SPB Device Stacks
The Windows Driver Model cleanly separates the driver components that control a peripheral device (for example, a temperature sensor) on a bus from the driver components that manage the bus controller, which transfers data and control information to and from the peripheral device. This separation enables the hardware vendor for a peripheral device that connects to a simple peripheral bus (SPB) to write a driver that controls the device a variety of bus controllers, bus types, and hardware platforms. Similarly, the hardware vendor for an SPB controller can write a driver for this controller that can enable connections to a variety of peripheral devices.
In Windows, a peripheral device that is attached to a Plug and Play (PnP) bus is represented by two, and possibly more, device objects. The device objects for this device are organized hierarchically to form a device stack. A functional device object (FDO) represents the internal state of the device, and is created and owned by the function driver that controls the peripheral device's internal functions. Below the FDO in the stack is a physical device object (PDO) that represents the device's connection to the bus. The PDO is created and owned by the bus controller driver that detects and enumerates the device for the PnP manager. This PDO contains the information (for example, bus address) that the bus controller needs to access the device over the bus. If the function driver requires assistance from the bus controller to perform an I/O operation on the device, the function driver sends an I/O request packet (IRP) down the device stack to the PDO, and the bus controller driver receives the IRP. For more information, see Device Objects and Device Stacks.
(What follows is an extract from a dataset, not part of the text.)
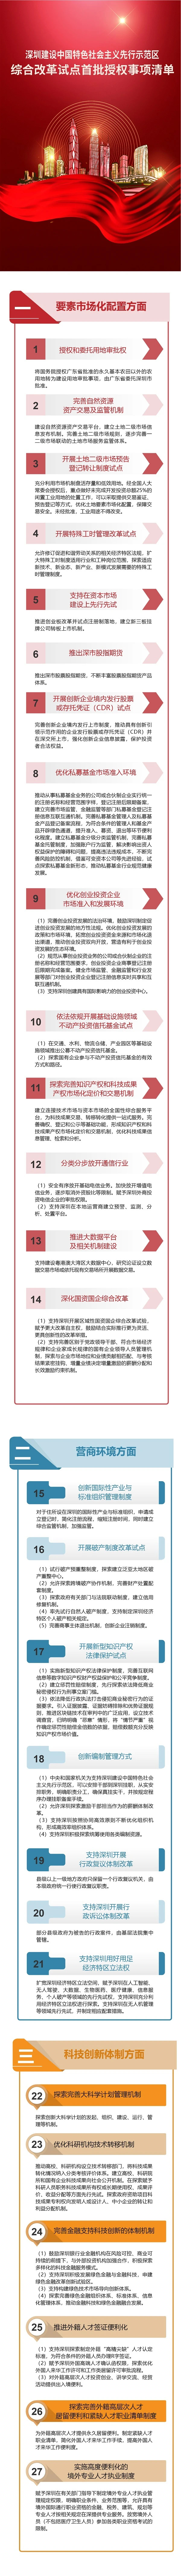 深圳40条授权事项清单迅速发布：释放哪些信号，利好哪些股

In contrast, an SPB (for example, an I²C or SPI bus) does not support PnP, and the SPB controller driver does not detect and enumerate the peripheral devices on the SPB. Instead, the hardware platform's ACPI firmware describes these devices and their bus connections, and the ACPI driver, Acpi.sys, enumerates these devices for the PnP manager.
Additionally, Acpi.sys creates the PDO for a peripheral device on an SPB. To perform an I/O operation on this device, the device's function driver does not send an IRP down the stack to the PDO because the PDO is owned by Acpi.sys, which cannot perform I/O operations. Instead, the function driver must send the IRP to the SPB controller driver. The SPB controller driver owns the FDO for the SPB controller, which is not in the same device stack as the FDO for the peripheral device. To send this IRP, the device's function driver must first open a logical connection to the SPB controller and receive a WDFFILEOBJECT object handle to this connection. The driver then specifies this handle as the target for the IRPs that it sends to the device. The SPB controller driver receives these IRPs and (in conjunction with the SPB framework extension, SpbCx) performs the requested I/O operations on the device. For more information about opening logical connections to SPB controllers, see Connection IDs for SPB Peripheral Devices.
Some IRPs can be handled entirely by drivers that are above the SPB controller driver in the I/O-request chain, including the function driver for the peripheral device. However, IRPs that require transfers of data or control information to and from the peripheral device over the bus must be processed by the SPB controller driver.
A filter driver that is designed to operate with the function driver for an SPB peripheral device can be inserted above the function driver's FDO. However, inserting such a filter between the FDO and PDO has no effect because it cannot intercept the IRPs that are exchanged between the function driver and the SPB controller driver.
If necessary, a filter driver can be inserted above the SPB controller driver (and SpbCx, which manages the queues for IRPs sent to the SPB controller driver). However, the SPB I/O request interface is a top-level driver interface, and drivers in the I/O-request chain must ensure that I/O requests are delivered in the context of the calling thread so that SpbCx and the SPB controller driver can access user-mode buffers during I/O transfers.